New Decision Support Campaigns
In 2006, the ConnectionsSM program launched
two new decision-support campaigns to assist our
members.
Depression Screening Decision Support Campaign
In March 2006, the Connections program
implemented the Depression Screening decision
support campaign. The goal of the campaign is to
identify undiagnosed and/or untreated depression
in members. The program targets members at
increased risk for depression based on existing comorbid chronic conditions such as diabetes, heart
conditions, migraines, and back pain. Identified
members are mailed a letter introducing the
program along with the PHQ-9, a self-administered
depression screening tool. Members are instructed
to take the completed tool with them to their next
doctor visit. Select patients will also receive an
automated phone call with the option of transferring
to a Health Coach.
In conjunction with the member mailing, a
Depression Screening educational toolkit is available
for providers. PSSs delivered the toolkit to primary
care physicians (PCPs) whose patients received the
Depression Screening mailing. The provider kit
includes the PHQ-9 Depression Screening tool,
the Depression Scoring card, and program referral
materials.
Weight Loss Surgery Decision Support Campaign
In June 2006, the Connections program offered the
new weight loss surgery decision-support campaign
to patients who may be considering bariatric
surgery. The program is designed to help members
understand the benefits and risks of weigh loss
surgery, to provide an overview of surgery options,
and to educate members on what to expect after
surgery. Health Coaches are available to discuss
alternatives to surgery, preparation required for
surgery, post-surgery nutrition issues, and potential
complications. If appropriate, members can receive a
new evidence-based video, Weight Loss Surgery: Is It
Right for You?
Provider Satisfaction Survey
The Annual Provider Satisfaction Survey was
conducted in late 2005. Facilitated by Atlantic
Research and Consulting, AmeriHealth providers
received a Connections Health Management
Program Provider Survey along with an incentive
for completing the survey. The results of the survey
showed that:
• More than one-fourth of AmeriHealth providers
indicated that patients had discussed the
Connections Program with them.
• Nearly two-thirds found the SMART
helpful.
TM
Registry
• 38% found the Provider Service Specialist (PSS)
support helpful.
• Two-thirds indicated that the Connections
Program provided a more positive image of
AmeriHealth.
• Overall, 77% of AmeriHealth providers
responded that their patients with chronic
conditions who used the Connections Program
found it helpful.
Member Satisfaction Survey
Each year, we survey a sample of members to
determine their level of awareness, use, and
satisfaction levels with the ConnectionsSM Health
Management Program. The survey is conducted
telephonically by Atlantic Research and Consulting
late in the year. The 2005 survey sample population
included members with and without one of the five
managed chronic conditions, members who have
had telephone contact with a Health Coach, and
members who have never spoken to a Health Coach.

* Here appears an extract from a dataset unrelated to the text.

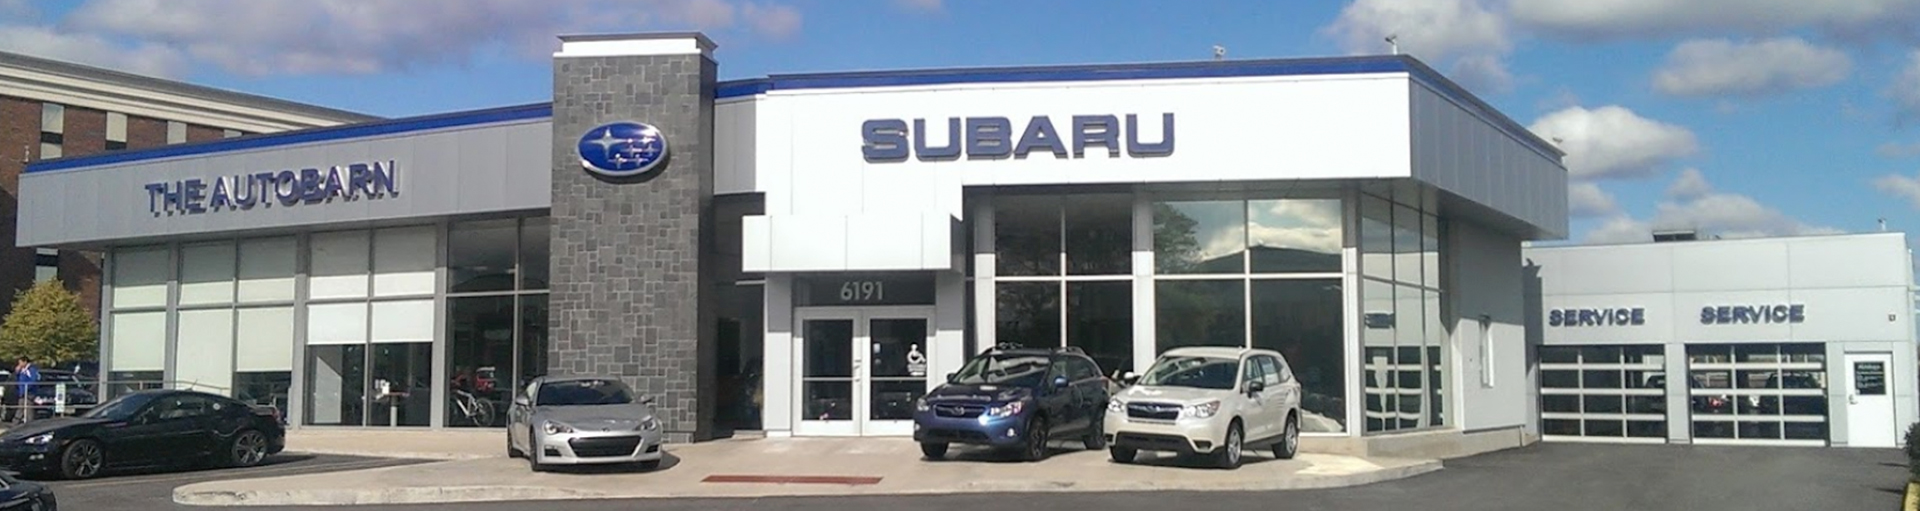 The Autobarn Subaru of Countryside Recall Department

• 89% of members with a chronic condition and
89% of members without a chronic condition
indicated they were satisfied with the Health
Coaching assistance they received.
• 89% of members with a chronic condition and
86% of members without a chronic condition
said their impression of AmeriHealth was
positively impacted because of the Connections
Program.
• 78% of members with a chronic condition and
76% of members without a chronic condition
surveyed said it was important for AmeriHealth
to continue to offer the Connections Program.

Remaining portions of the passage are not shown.